Would you mind to run the -his step in debug mode. i.e., -v d, The debug log might help to identify the issue.

-Arijit

lucsnip commented 7 months ago

Yes, here is the debug log:

2024-02-06 15:39:46,230 - cnvpytor - DEBUG - Start logging...
2024-02-06 15:39:46,230 - cnvpytor.genome - DEBUG - Checking reference genome resource files.
2024-02-06 15:39:46,230 - cnvpytor.genome - INFO - Reading configuration file 'mm39_ref_conf.py'.
2024-02-06 15:39:46,231 - cnvpytor.genome - INFO - Importing reference genome data: 'mm39'.
2024-02-06 15:39:46,231 - cnvpytor.root - DEBUG - App class init: filename 'WSB_mm39_rd.pytor'; max cores 8.
2024-02-06 15:39:46,231 - cnvpytor.io - DEBUG - Opening h5 file 'WSB_mm39_rd.pytor'
2024-02-06 15:39:46,262 - cnvpytor.io - DEBUG - File 'WSB_mm39_rd.pytor' successfully opened.
2024-02-06 15:39:46,272 - cnvpytor.root - DEBUG - Using GC content from database for reference genome 'mm39'.
2024-02-06 15:39:46,272 - cnvpytor.io - DEBUG - Opening h5 file '/storage/E_drive/Snipes/genome/mm39_gc_ap.pytor'
2024-02-06 15:39:46,386 - cnvpytor.io - DEBUG - File '/storage/E_drive/Snipes/genome/mm39_gc_ap.pytor' successfully opened in read-only mode.
2024-02-06 15:39:46,386 - cnvpytor.root - DEBUG - Using strict mask from database for reference genome 'mm39'.
2024-02-06 15:39:46,386 - cnvpytor.io - DEBUG - Opening h5 file '/storage/E_drive/Snipes/genome/mm39_mask_file.pytor'
2024-02-06 15:39:46,386 - cnvpytor.io - DEBUG - File '/storage/E_drive/Snipes/genome/mm39_mask_file.pytor' successfully opened in read-only mode.
2024-02-06 15:39:46,437 - cnvpytor.root - INFO - Calculating global statistics.
2024-02-06 15:39:46,438 - cnvpytor.root - INFO - Calculating global statistics.
2024-02-06 15:39:46,439 - cnvpytor.root - INFO - Calculating global statistics.
2024-02-06 15:39:46,440 - cnvpytor.root - INFO - Calculating global statistics.
2024-02-06 15:39:46,441 - cnvpytor.io - DEBUG - Closing h5 file 'WSB_mm39_rd.pytor'
2024-02-06 15:39:46,441 - cnvpytor.io - DEBUG - Closing h5 file '/storage/E_drive/Snipes/genome/mm39_gc_ap.pytor'
2024-02-06 15:39:46,441 - cnvpytor.io - DEBUG - Closing h5 file '/storage/E_drive/Snipes/genome/mm39_mask_file.pytor'
arpanda commented 7 months ago

Would you mind sharing a sample and reference genome related file via email. I will check in details.
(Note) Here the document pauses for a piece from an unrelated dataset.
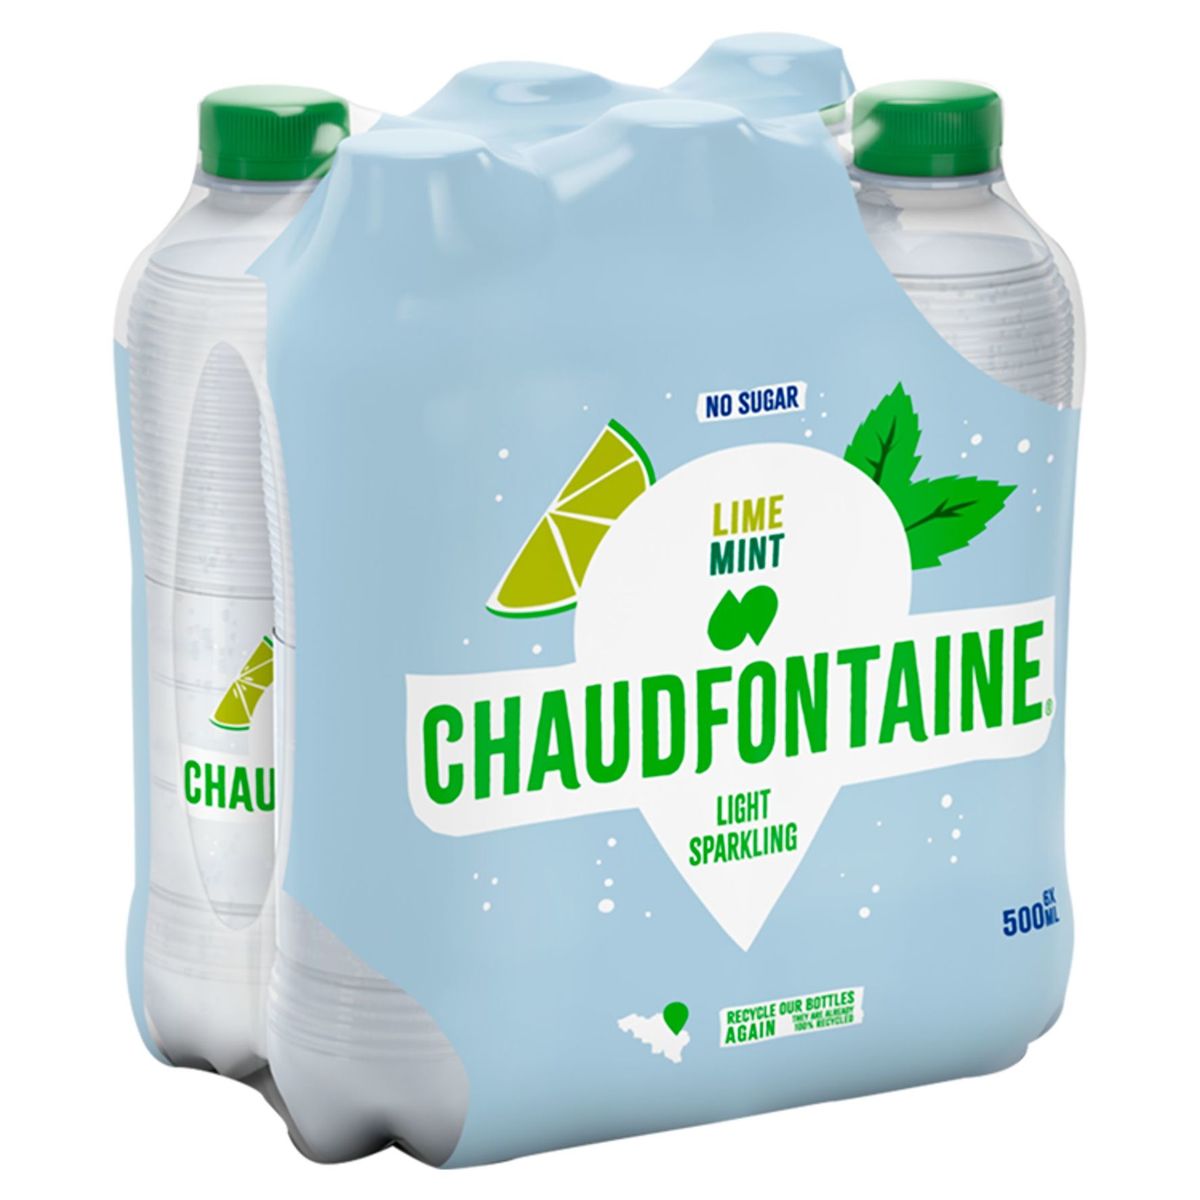 Chaudfontaine Lime Mint Sparkling No Sugar Pet 500 ml X 6
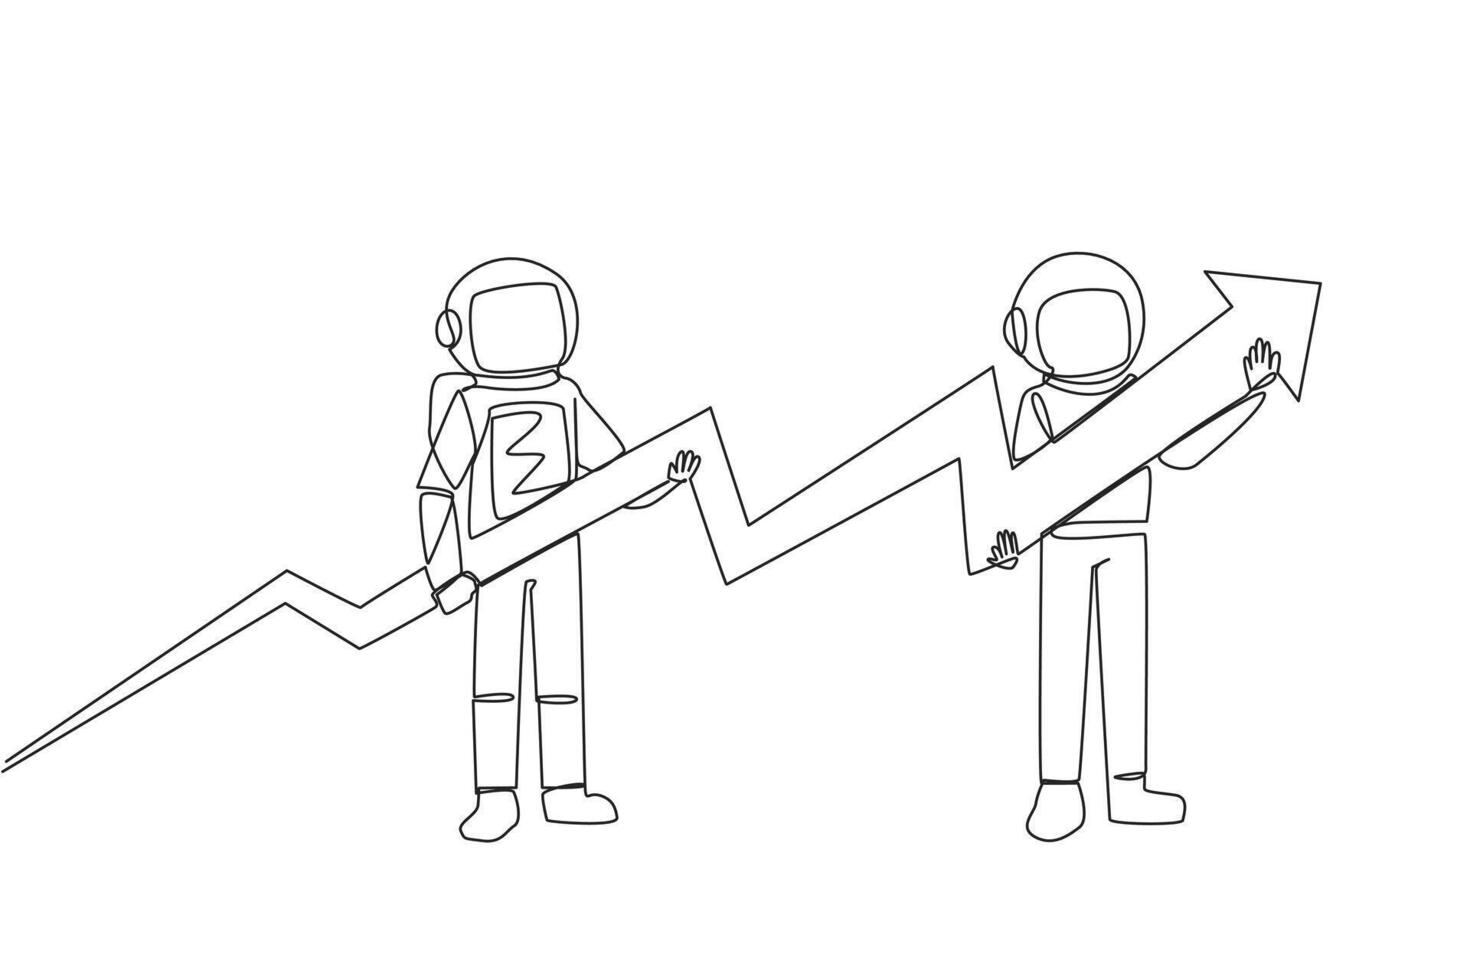 Single einer Linie Zeichnung zwei Astronauten halten ein mittelgroße Pfeil Grafik deren endet haben erhöht. Raumfahrer Zusammenarbeit. kosmisch Galaxis tief Raum. kosmisch. kontinuierlich Linie Design Grafik Illustration vektor

Note: If you would like to avoid typing -conf REL_PATH/example_ref_genome_conf.py each time you run cnvpytor, you can create an bash alias or make configuration permanent by copying example_ref_genome_conf.py to ~/.cnvpytor/reference_genomes_conf.py.

-Arijit

lucsnip commented 7 months ago

Ok, I've figured it out. There was a mismatch between the bam header and the gc content and mask files. I fixed the header and remade those files, and the histogram command now runs as it should.